[Stored data entries]

+++

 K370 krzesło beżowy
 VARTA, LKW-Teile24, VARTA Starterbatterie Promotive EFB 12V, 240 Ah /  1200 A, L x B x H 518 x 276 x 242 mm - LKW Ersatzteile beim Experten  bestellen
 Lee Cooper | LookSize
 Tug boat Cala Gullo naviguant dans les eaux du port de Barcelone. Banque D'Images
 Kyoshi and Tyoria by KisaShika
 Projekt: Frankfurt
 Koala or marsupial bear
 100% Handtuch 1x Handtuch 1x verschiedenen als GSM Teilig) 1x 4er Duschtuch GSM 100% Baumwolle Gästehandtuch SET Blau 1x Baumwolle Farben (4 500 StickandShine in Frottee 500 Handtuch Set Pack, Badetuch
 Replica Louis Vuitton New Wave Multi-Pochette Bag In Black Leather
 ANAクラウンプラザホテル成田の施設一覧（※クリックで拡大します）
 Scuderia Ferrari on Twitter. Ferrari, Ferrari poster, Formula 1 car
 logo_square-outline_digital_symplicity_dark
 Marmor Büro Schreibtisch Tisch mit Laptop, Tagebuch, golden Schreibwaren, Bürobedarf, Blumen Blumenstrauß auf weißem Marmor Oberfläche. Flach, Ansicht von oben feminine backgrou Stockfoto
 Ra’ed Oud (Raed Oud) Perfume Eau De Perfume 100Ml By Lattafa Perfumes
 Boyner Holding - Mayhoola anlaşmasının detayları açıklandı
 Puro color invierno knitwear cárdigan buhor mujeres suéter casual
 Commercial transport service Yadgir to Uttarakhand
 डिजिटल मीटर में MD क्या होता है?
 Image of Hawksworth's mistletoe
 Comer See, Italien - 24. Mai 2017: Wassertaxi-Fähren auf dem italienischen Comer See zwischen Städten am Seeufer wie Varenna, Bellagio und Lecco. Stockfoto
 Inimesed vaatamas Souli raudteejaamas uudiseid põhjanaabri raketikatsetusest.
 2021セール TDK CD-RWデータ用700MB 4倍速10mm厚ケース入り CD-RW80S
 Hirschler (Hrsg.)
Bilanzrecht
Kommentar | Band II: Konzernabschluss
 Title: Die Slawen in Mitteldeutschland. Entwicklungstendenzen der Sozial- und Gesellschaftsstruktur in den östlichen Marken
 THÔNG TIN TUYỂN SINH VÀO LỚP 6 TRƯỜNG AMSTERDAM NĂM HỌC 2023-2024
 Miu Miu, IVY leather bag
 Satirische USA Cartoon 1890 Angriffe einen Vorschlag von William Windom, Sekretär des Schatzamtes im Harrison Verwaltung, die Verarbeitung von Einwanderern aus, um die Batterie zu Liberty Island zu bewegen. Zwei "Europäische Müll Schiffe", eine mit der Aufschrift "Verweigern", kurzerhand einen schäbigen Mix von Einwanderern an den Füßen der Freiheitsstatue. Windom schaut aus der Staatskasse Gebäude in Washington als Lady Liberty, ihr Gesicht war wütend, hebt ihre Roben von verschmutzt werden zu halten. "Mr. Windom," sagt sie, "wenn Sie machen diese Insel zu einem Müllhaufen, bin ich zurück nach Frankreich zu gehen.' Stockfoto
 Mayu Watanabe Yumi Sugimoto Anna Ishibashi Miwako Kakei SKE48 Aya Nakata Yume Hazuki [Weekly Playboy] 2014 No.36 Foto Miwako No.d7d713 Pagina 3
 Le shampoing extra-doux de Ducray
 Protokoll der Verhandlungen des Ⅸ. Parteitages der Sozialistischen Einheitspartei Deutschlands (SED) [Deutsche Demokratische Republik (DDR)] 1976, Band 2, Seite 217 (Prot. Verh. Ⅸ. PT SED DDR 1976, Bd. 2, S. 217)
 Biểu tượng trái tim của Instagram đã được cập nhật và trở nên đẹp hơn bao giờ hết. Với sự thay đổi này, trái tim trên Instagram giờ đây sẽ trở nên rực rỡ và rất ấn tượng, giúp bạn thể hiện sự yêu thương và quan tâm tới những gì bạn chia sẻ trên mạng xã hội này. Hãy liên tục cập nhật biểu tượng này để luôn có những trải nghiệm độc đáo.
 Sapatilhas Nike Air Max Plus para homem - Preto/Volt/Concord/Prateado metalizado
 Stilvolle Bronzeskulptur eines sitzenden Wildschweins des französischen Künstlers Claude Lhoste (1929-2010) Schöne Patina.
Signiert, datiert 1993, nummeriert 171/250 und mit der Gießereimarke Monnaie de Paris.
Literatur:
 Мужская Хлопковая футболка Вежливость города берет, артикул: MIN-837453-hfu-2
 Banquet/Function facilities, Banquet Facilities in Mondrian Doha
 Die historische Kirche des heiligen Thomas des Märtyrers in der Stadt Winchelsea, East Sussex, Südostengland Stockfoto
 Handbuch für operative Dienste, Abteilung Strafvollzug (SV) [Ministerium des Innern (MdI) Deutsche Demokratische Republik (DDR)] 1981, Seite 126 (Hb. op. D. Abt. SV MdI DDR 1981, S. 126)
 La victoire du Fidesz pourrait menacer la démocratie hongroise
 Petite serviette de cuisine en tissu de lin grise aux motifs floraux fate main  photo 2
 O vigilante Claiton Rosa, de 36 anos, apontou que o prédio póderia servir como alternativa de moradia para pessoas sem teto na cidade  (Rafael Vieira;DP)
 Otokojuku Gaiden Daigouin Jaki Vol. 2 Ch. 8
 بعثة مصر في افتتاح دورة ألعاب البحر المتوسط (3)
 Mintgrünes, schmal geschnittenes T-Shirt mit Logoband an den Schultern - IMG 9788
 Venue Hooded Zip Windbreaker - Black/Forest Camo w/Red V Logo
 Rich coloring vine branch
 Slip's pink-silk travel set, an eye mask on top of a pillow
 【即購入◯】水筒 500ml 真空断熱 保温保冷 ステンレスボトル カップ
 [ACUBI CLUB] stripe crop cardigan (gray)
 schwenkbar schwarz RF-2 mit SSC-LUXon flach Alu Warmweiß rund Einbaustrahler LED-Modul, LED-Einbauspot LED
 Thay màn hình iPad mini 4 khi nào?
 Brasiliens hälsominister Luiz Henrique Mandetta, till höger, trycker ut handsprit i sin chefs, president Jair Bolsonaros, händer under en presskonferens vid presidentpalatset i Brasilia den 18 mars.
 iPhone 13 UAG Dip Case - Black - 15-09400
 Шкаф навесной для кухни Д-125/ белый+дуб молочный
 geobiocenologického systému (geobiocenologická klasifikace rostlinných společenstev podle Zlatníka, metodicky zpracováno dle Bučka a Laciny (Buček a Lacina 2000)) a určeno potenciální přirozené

+++

■ Exercise aim ■
Each line of the records should be transcribed without change.

■ Response to the exercise ■
 K370 krzesło beżowy
 VARTA, LKW-Teile24, VARTA Starterbatterie Promotive EFB 12V, 240 Ah /  1200 A, L x B x H 518 x 276 x 242 mm - LKW Ersatzteile beim Experten  bestellen
 Lee Cooper | LookSize
 Tug boat Cala Gullo naviguant dans les eaux du port de Barcelone. Banque D'Images
 Kyoshi and Tyoria by KisaShika
 Projekt: Frankfurt
 Koala or marsupial bear
 100% Handtuch 1x Handtuch 1x verschiedenen als GSM Teilig) 1x 4er Duschtuch GSM 100% Baumwolle Gästehandtuch SET Blau 1x Baumwolle Farben (4 500 StickandShine in Frottee 500 Handtuch Set Pack, Badetuch
 Replica Louis Vuitton New Wave Multi-Pochette Bag In Black Leather
 ANAクラウンプラザホテル成田の施設一覧（※クリックで拡大します）
 Scuderia Ferrari on Twitter. Ferrari, Ferrari poster, Formula 1 car
 logo_square-outline_digital_symplicity_dark
 Marmor Büro Schreibtisch Tisch mit Laptop, Tagebuch, golden Schreibwaren, Bürobedarf, Blumen Blumenstrauß auf weißem Marmor Oberfläche. Flach, Ansicht von oben feminine backgrou Stockfoto
 Ra’ed Oud (Raed Oud) Perfume Eau De Perfume 100Ml By Lattafa Perfumes
 Boyner Holding - Mayhoola anlaşmasının detayları açıklandı
 Puro color invierno knitwear cárdigan buhor mujeres suéter casual
 Commercial transport service Yadgir to Uttarakhand
 डिजिटल मीटर में MD क्या होता है?
 Image of Hawksworth's mistletoe
 Comer See, Italien - 24. Mai 2017: Wassertaxi-Fähren auf dem italienischen Comer See zwischen Städten am Seeufer wie Varenna, Bellagio und Lecco. Stockfoto
 Inimesed vaatamas Souli raudteejaamas uudiseid põhjanaabri raketikatsetusest.
 2021セール TDK CD-RWデータ用700MB 4倍速10mm厚ケース入り CD-RW80S
 Hirschler (Hrsg.)
Bilanzrecht
Kommentar | Band II: Konzernabschluss
 Title: Die Slawen in Mitteldeutschland. Entwicklungstendenzen der Sozial- und Gesellschaftsstruktur in den östlichen Marken
 THÔNG TIN TUYỂN SINH VÀO LỚP 6 TRƯỜNG AMSTERDAM NĂM HỌC 2023-2024
 Miu Miu, IVY leather bag
 Satirische USA Cartoon 1890 Angriffe einen Vorschlag von William Windom, Sekretär des Schatzamtes im Harrison Verwaltung, die Verarbeitung von Einwanderern aus, um die Batterie zu Liberty Island zu bewegen. Zwei "Europäische Müll Schiffe", eine mit der Aufschrift "Verweigern", kurzerhand einen schäbigen Mix von Einwanderern an den Füßen der Freiheitsstatue. Windom schaut aus der Staatskasse Gebäude in Washington als Lady Liberty, ihr Gesicht war wütend, hebt ihre Roben von verschmutzt werden zu halten. "Mr. Windom," sagt sie, "wenn Sie machen diese Insel zu einem Müllhaufen, bin ich zurück nach Frankreich zu gehen.' Stockfoto
 Mayu Watanabe Yumi Sugimoto Anna Ishibashi Miwako Kakei SKE48 Aya Nakata Yume Hazuki [Weekly Playboy] 2014 No.36 Foto Miwako No.d7d713 Pagina 3
 Le shampoing extra-doux de Ducray
 Protokoll der Verhandlungen des Ⅸ. Parteitages der Sozialistischen Einheitspartei Deutschlands (SED) [Deutsche Demokratische Republik (DDR)] 1976, Band 2, Seite 217 (Prot. Verh. Ⅸ. PT SED DDR 1976, Bd. 2, S. 217)
 Biểu tượng trái tim của Instagram đã được cập nhật và trở nên đẹp hơn bao giờ hết. Với sự thay đổi này, trái tim trên Instagram giờ đây sẽ trở nên rực rỡ và rất ấn tượng, giúp bạn thể hiện sự yêu thương và quan tâm tới những gì bạn chia sẻ trên mạng xã hội này. Hãy liên tục cập nhật biểu tượng này để luôn có những trải nghiệm độc đáo.
 Sapatilhas Nike Air Max Plus para homem - Preto/Volt/Concord/Prateado metalizado
 Stilvolle Bronzeskulptur eines sitzenden Wildschweins des französischen Künstlers Claude Lhoste (1929-2010) Schöne Patina.
Signiert, datiert 1993, nummeriert 171/250 und mit der Gießereimarke Monnaie de Paris.
Literatur:
 Мужская Хлопковая футболка Вежливость города берет, артикул: MIN-837453-hfu-2
 Banquet/Function facilities, Banquet Facilities in Mondrian Doha
 Die historische Kirche des heiligen Thomas des Märtyrers in der Stadt Winchelsea, East Sussex, Südostengland Stockfoto
 Handbuch für operative Dienste, Abteilung Strafvollzug (SV) [Ministerium des Innern (MdI) Deutsche Demokratische Republik (DDR)] 1981, Seite 126 (Hb. op. D. Abt. SV MdI DDR 1981, S. 126)
 La victoire du Fidesz pourrait menacer la démocratie hongroise
 Petite serviette de cuisine en tissu de lin grise aux motifs floraux fate main  photo 2
 O vigilante Claiton Rosa, de 36 anos, apontou que o prédio póderia servir como alternativa de moradia para pessoas sem teto na cidade  (Rafael Vieira;DP)
 Otokojuku Gaiden Daigouin Jaki Vol. 2 Ch. 8
 بعثة مصر في افتتاح دورة ألعاب البحر المتوسط (3)
 Mintgrünes, schmal geschnittenes T-Shirt mit Logoband an den Schultern - IMG 9788
 Venue Hooded Zip Windbreaker - Black/Forest Camo w/Red V Logo
 Rich coloring vine branch
 Slip's pink-silk travel set, an eye mask on top of a pillow
 【即購入◯】水筒 500ml 真空断熱 保温保冷 ステンレスボトル カップ
 [ACUBI CLUB] stripe crop cardigan (gray)
 schwenkbar schwarz RF-2 mit SSC-LUXon flach Alu Warmweiß rund Einbaustrahler LED-Modul, LED-Einbauspot LED
 Thay màn hình iPad mini 4 khi nào?
 Brasiliens hälsominister Luiz Henrique Mandetta, till höger, trycker ut handsprit i sin chefs, president Jair Bolsonaros, händer under en presskonferens vid presidentpalatset i Brasilia den 18 mars.
 iPhone 13 UAG Dip Case - Black - 15-09400
 Шкаф навесной для кухни Д-125/ белый+дуб молочный
 geobiocenologického systému (geobiocenologická klasifikace rostlinných společenstev podle Zlatníka, metodicky zpracováno dle Bučka a Laciny (Buček a Lacina 2000)) a určeno potenciální přirozené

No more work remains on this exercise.